There are several disadvantages attendant upon such conventional CMP techniques, particularly when conducting CMP on W, which problems are exacerbated as device geometries plunge into the deep sub-micron range. One such problem encountered is the troublesome filling of alignment marks 31, shown in FIG. 3, formed in insulating layer 30. It was found that during CMP alignment marks 31 become filled with a substance 32 such that the alignment marks are no longer visible during subsequent alignment of the reticle mask employed during exposure of the photoresist in the step-and-repeat tool for patterning the next level of metal.

Another problem stemming front conventional CMP, particularly with W, is schematically illustrated in FIG. 4 wherein residual tungsten 40 remains on the beveled edges of the wafer (substrate) 5 subsequent to CMP. The residual tungsten 40 is vulnerable to peeling and, hence, contaminates the device causing chip defects during subsequent processing.

There exists a need in the semiconductor industry for methodology enabling the planarization of deposited metal to form reliable metal plugs in contacts and vias without interfering with the alignment marks and/or generating a residue on the beveled edges of the wafer substrate.

DISCLOSURE OF THE INVENTION

An aspect of the present invention is a CMP technique for planarizing metals which does not result in obscuring alignment marks or result in generating edge residues, and does not result in wafer coming off the carrier during CMP.

Additional aspects and other features of the present invention will be set forth in part in the description which follows and in part will become apparent to those having ordinary skill in the art upon examination or may be learned from the practice of the present invention. The aspects of the present invention may be realized and obtained as particularly pointed out in the appended claims.

According to the present invention, the foregoing and other aspects are implemented in part by a method of a chemical mechanical polishing (CMP) a substrate surface, the method comprising: mounting the substrate in a carrier comprising a retaining ring, the retaining ring comprising a polymer having a mechanical hardness greater than about 85 durometer; and CMP the substrate surface using a polishing pad having a hardness less than about 60 durometer.

Embodiments of the present invention comprise CMP a substrate surface containing W metalization at a CMP removal rate of at least 3000 Å/min. employing a retaining ring comprising ceramics, quartz, polymer or fiber-reinforced polymer, wherein the substrate surface comprises trench alignment marks extending into the substrate that are free of any substantial amounts of carbon-containing debris subsequent to CMP.

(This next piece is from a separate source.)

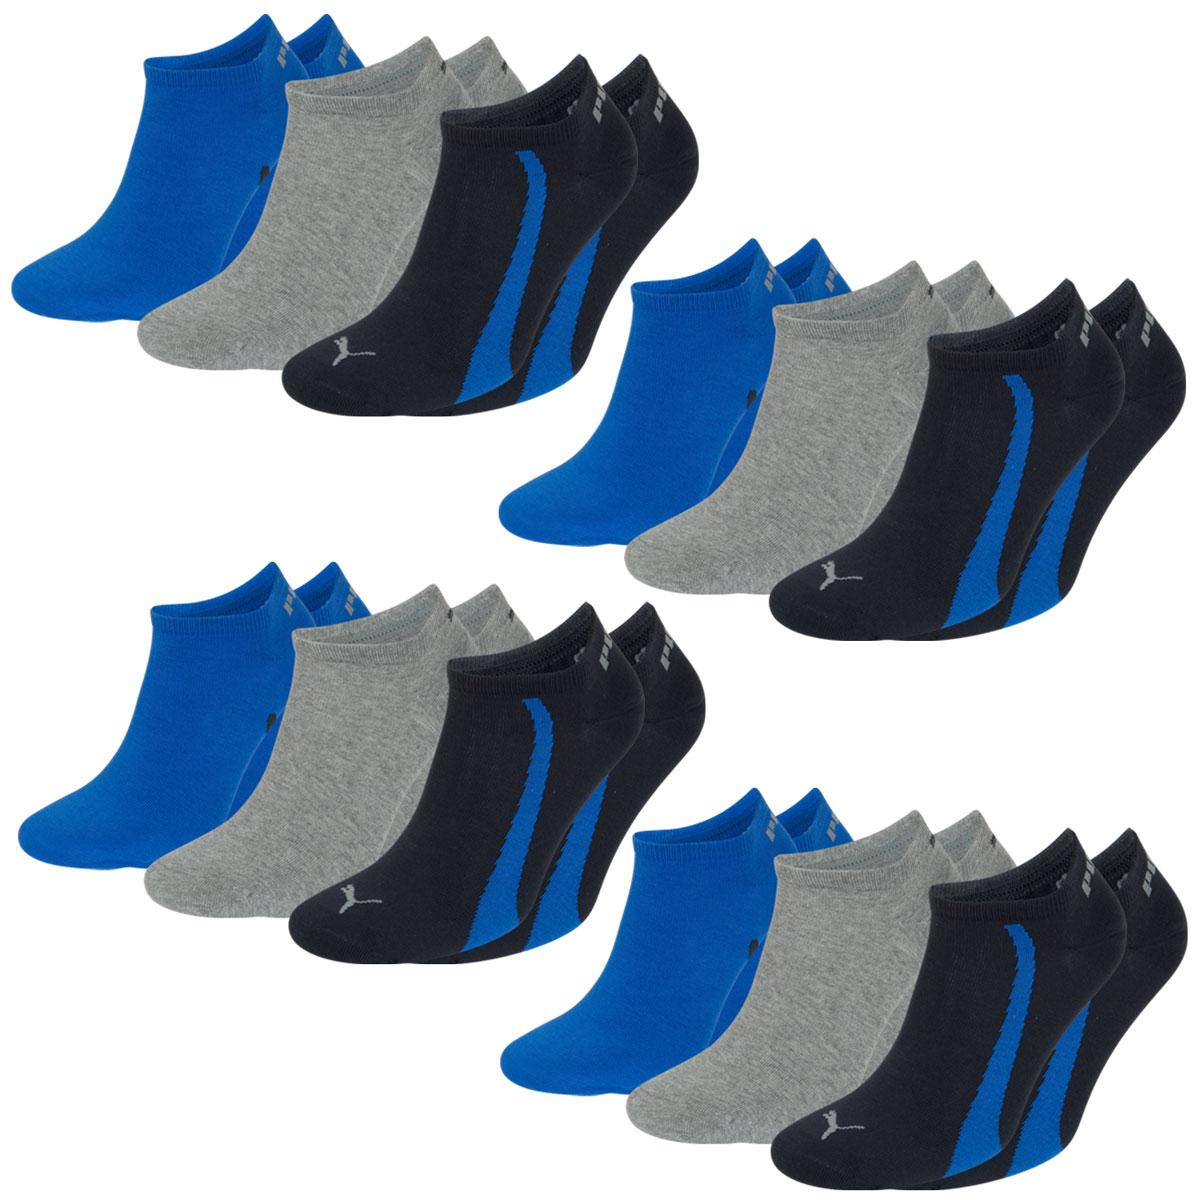 12 Paar Puma Füsslinge, navy / grey / strong blue, Farbe 6

Additional aspects of the present invention will become readily apparent to those skilled in this art from the following detailed description wherein embodiments of the present invention are described, simply by way of illustration of the best mode contemplated for carrying out the present invention. As will be realized, the present invention is capable of other and different embodiments and its several details are capable of modifications in various obvious respects, all without departing from the present invention. Accordingly, the drawings and description are to be regarded as illustrative in nature, and not as restrictive.

BRIEF DESCRIPTION OF THE DRAWINGS

FIG. 1 illustrates a portion of a conventional CMP apparatus;

FIGS. 2A and 2B illustrate sequential phases of forming an interconnection;

FIG. 3 schematically illustrates the problem of alignment mark contamination;

FIG. 4 schematically illustrates the problem of edge residue contamination; and

FIG. 5 schematically illustrates an uncontaminated alignment mark achieved by embodiments of the present invention.

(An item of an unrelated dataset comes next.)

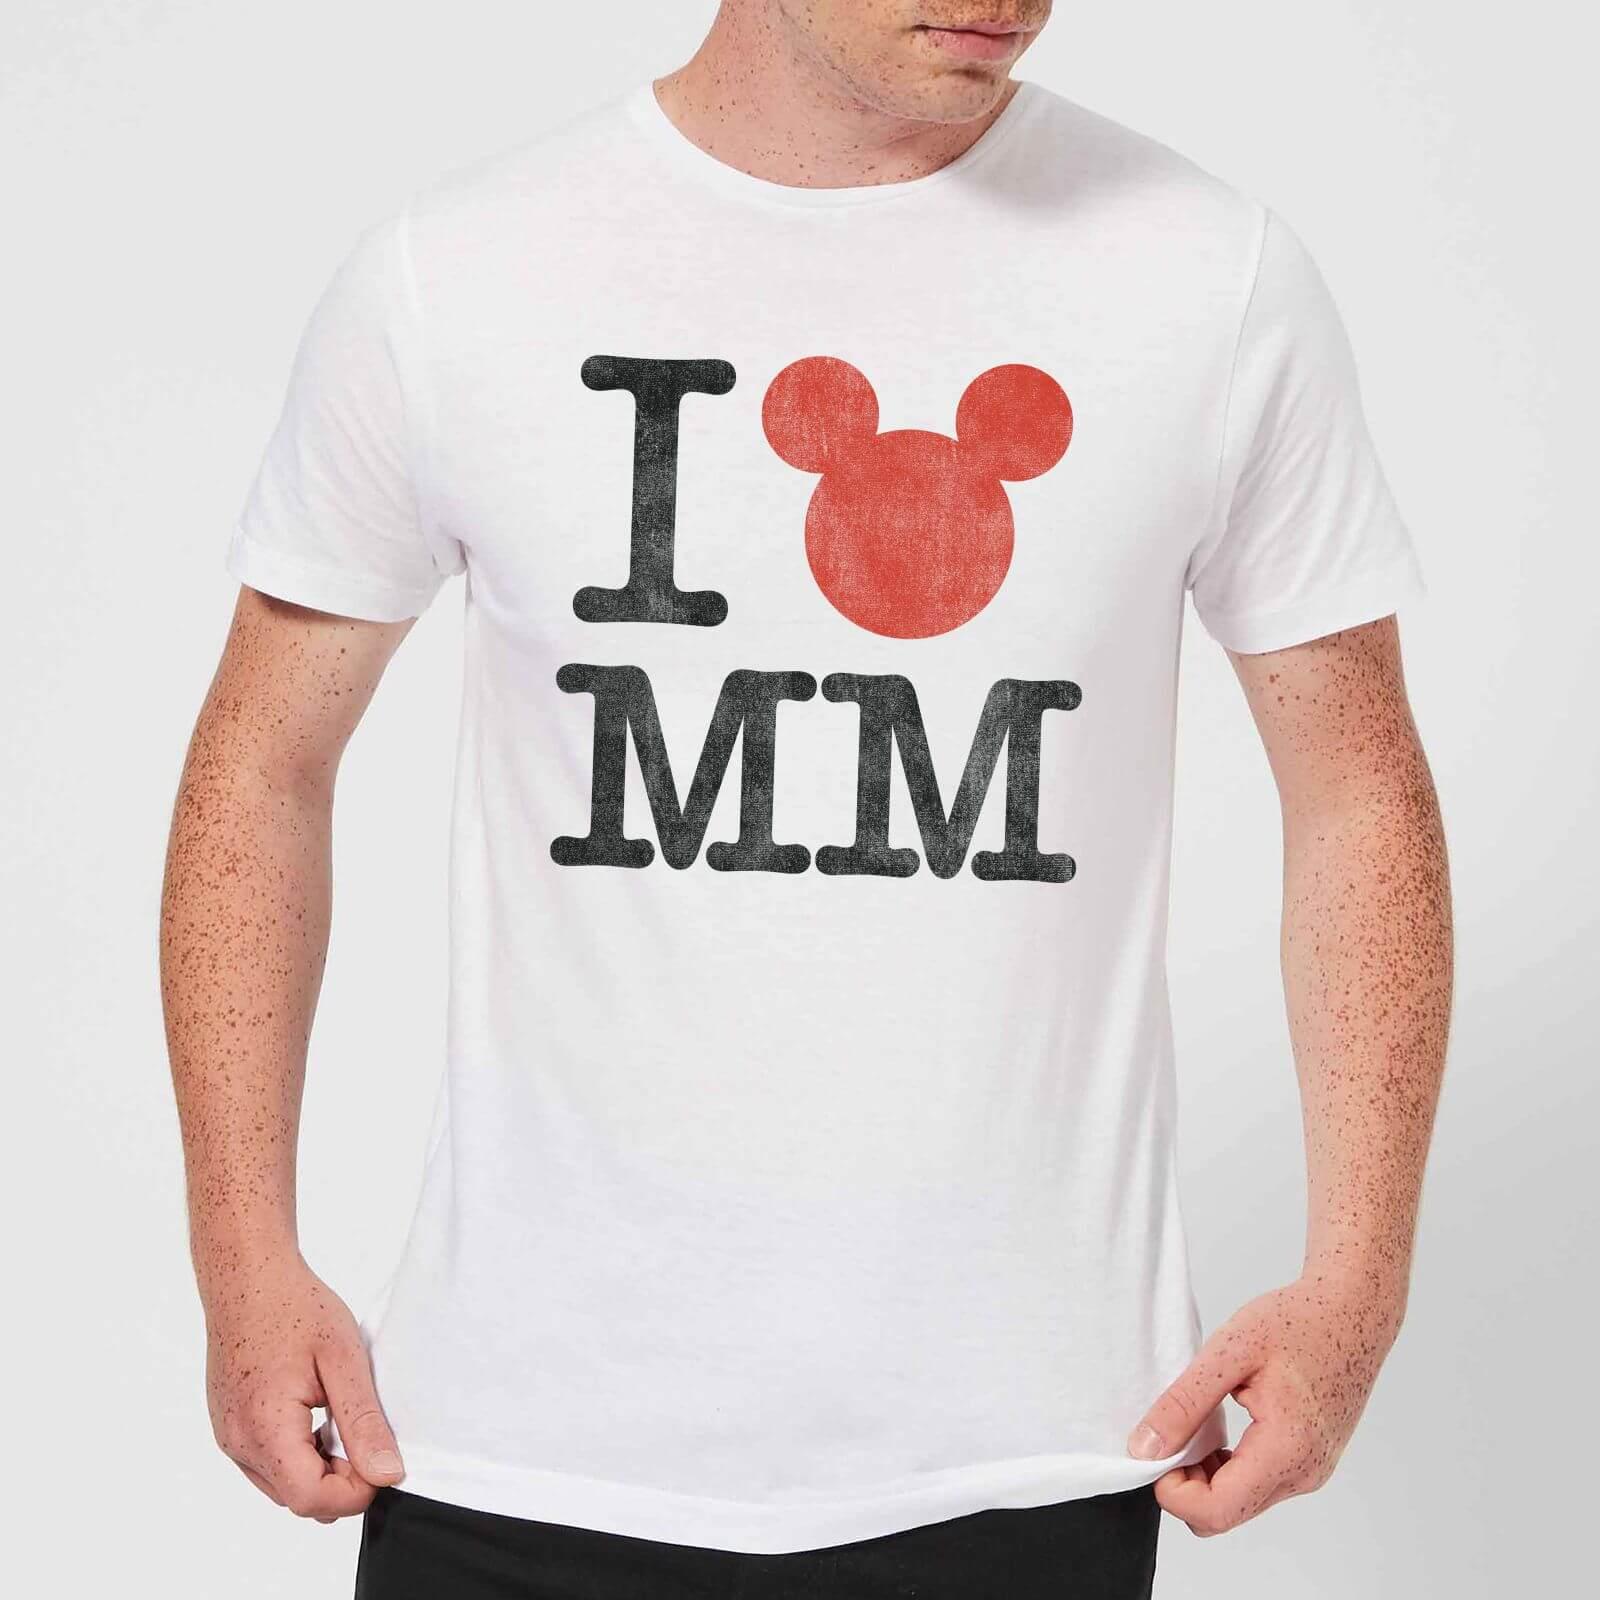 Disney Disney Mickey Mouse I Heart MM T-Shirt - White - 4XL - White

DESCRIPTION OF THE INVENTION

The present invention addresses and solves problems attendant upon conventional CMP methodology, particularly W CMP methodology wherein a damascene opening is filled by W and the overburden subjected to CMP to effect planarization. As a result, alignment mark contamination 32, as illustrated in FIG. 3, and edge residues 40, shown in FIG. 4, result. After extensive experimentation and investigation it was found that the alignment mark contamination comprised carbon-containing residues. Upon further experimentation and investigation, it was concluded that the carbon-containing residues in the alignment mark openings, preventing alignment mark visibility during subsequent photolithographic techniques, stem from an interaction between the retaining ring and polishing pad. Having discovered the source of the alignment mark contamination problem, further experimentation was conducted to determine suitable materials which can be employed for the retaining ring in combination with suitable materials for the polishing pad such that carbon-containing contaminants do not form in the alignment marks to prevent their visibility upon subsequent photolithographic processing.

After experimentation and investigation, it was found that a suitable combination of materials for the retaining ring and polishing pad can be selected based upon certain physical characteristics. For example, it was determined that a relatively abrasion free material can be employed for the retaining ring while employing a relatively soft polishing pad. It was found that such a strategic combination does not generate any substantial amounts of carbon-containing residues in the alignment marks. In fact, it was found that the use of an abrasion resistant material for the retaining rings in combination with a relatively soft polishing pad resulted in virtually no carbon-containing contamination of alignment marks.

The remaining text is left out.